The Stockwells correctly note that in the Tax Reform Act of 1969, P.L. 91-172, Congress specifically amended the income averaging provision to include the averaging of capital gains. From this linchpin, they reason that the minimum tax imposed by § 56 likewise should be averageable. We cannot agree. Neither the language of the statute nor the legislative history supports that conclusion.
The minimum tax was fashioned by Congress to tax income which, for one reason or another, was not being taxed. Congress was aware of significant amounts of income which was tax-free, either because of the source of the income or because of various exemptions, deductions and allowances. Congress determined to impose a minimum tax on enumerated tax preference items. H.R.Rep. No. 91-413, reprinted in 1969 U.S.Code Cong. & Admin.News 1645; S.Rep. No. 91-552, reprinted in 1969 U.S.Code Cong. & Admin.News 2027. To achieve this purpose, Congress drafted § 56, which declares: "In addition to other taxes imposed by this chapter there is hereby imposed____" This specific directive must be considered in light of the equally specific language of § 1301 which allows of income averaging for "the tax imposed by section 1." The minimum tax is not imposed by § 1, it is the creature of § 56. Had Congress intended the benefits of income averaging to apply to the minimum tax on tax preference items it would have said so.

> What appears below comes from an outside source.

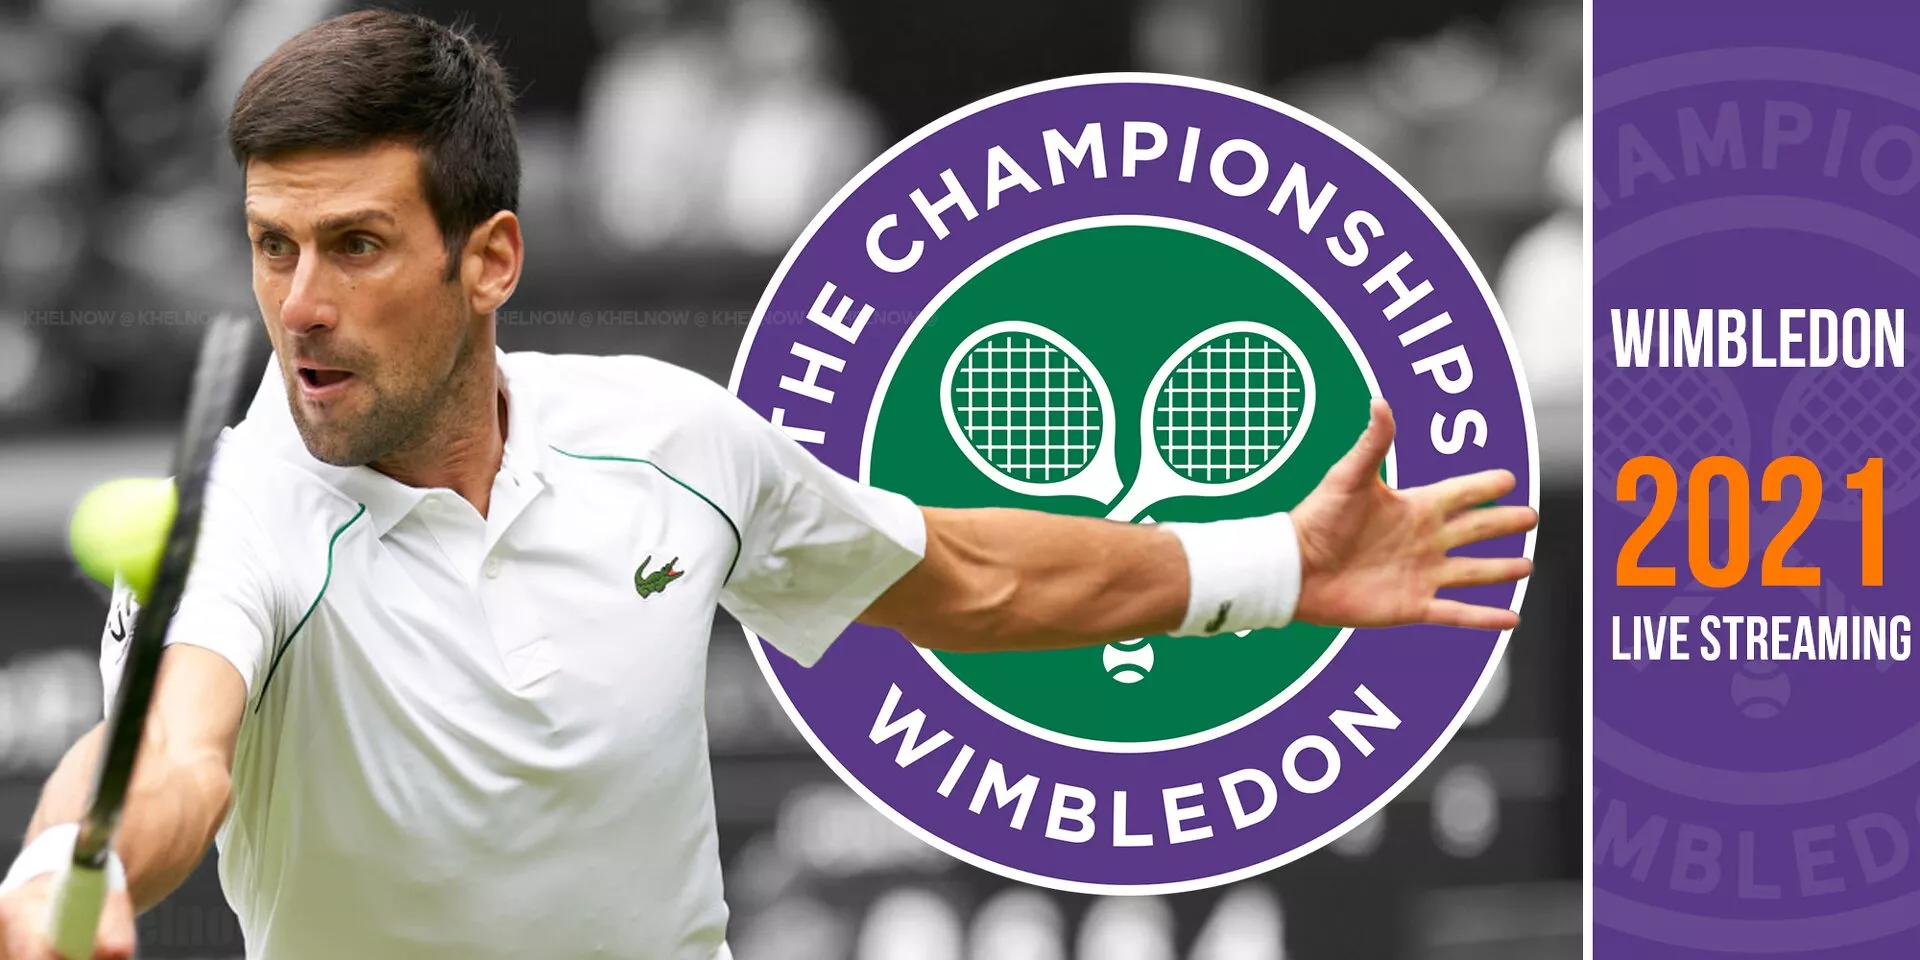 Wimbledon 2021 Day 5 live streaming and telecast

When called upon to interpret legislation, courts routinely seek congressional intent. If there were gradations of that effort, ascertainment of congressional intent in matters arising under the internal revenue code would necessarily head the list. Courts may not look to equity in tax matters but look only to the work product of the Congress or, where the statutory language is unclear, to the history of the legislation. Here the words of the statute are clear. Income averaging applies only to taxes imposed by § 1, it does not apply to the minimum tax imposed by § 56.
The judgment of the Tax Court is AFFIRMED.
. We note that the Tax Reform Act of 1982, P.L. 97-354, shifts the minimum tax on individuals from IRC § 56 to IRC § 55, § 56 being reserved for the taxation of corporations. The new IRC § 55 contains the language of § 56 which specifies that the tax is in addition to and separate from other taxes enumerated in the code:
(a) TAX IMPOSED. In the case of a taxpayer other than a corporation, there is imposed {in addition to any other tax imposed by this subtitle) a tax equal to the excess (if any) of—
(1) an amount equal to 20 percent of so much of the alternative minimum taxable income as exceeds the exemption amount, over
(2) the regular tax for the taxable year.
(b) ALTERNATIVE MINIMUM TAXABLE INCOME. — For purposes of this title, the term, "alternative minimum taxable income" means the adjusted gross income (determined without regard to the deduction allowed by section 172) of the taxpayer for the taxable year—
(1) reduced by the sum of—
(A) the alternative tax net operating loss deduction, plus
(B) the alternative tax itemized deductions, plus
(C) any amount included in income under section 667, and
(2) increased by the amount of items of tax preference.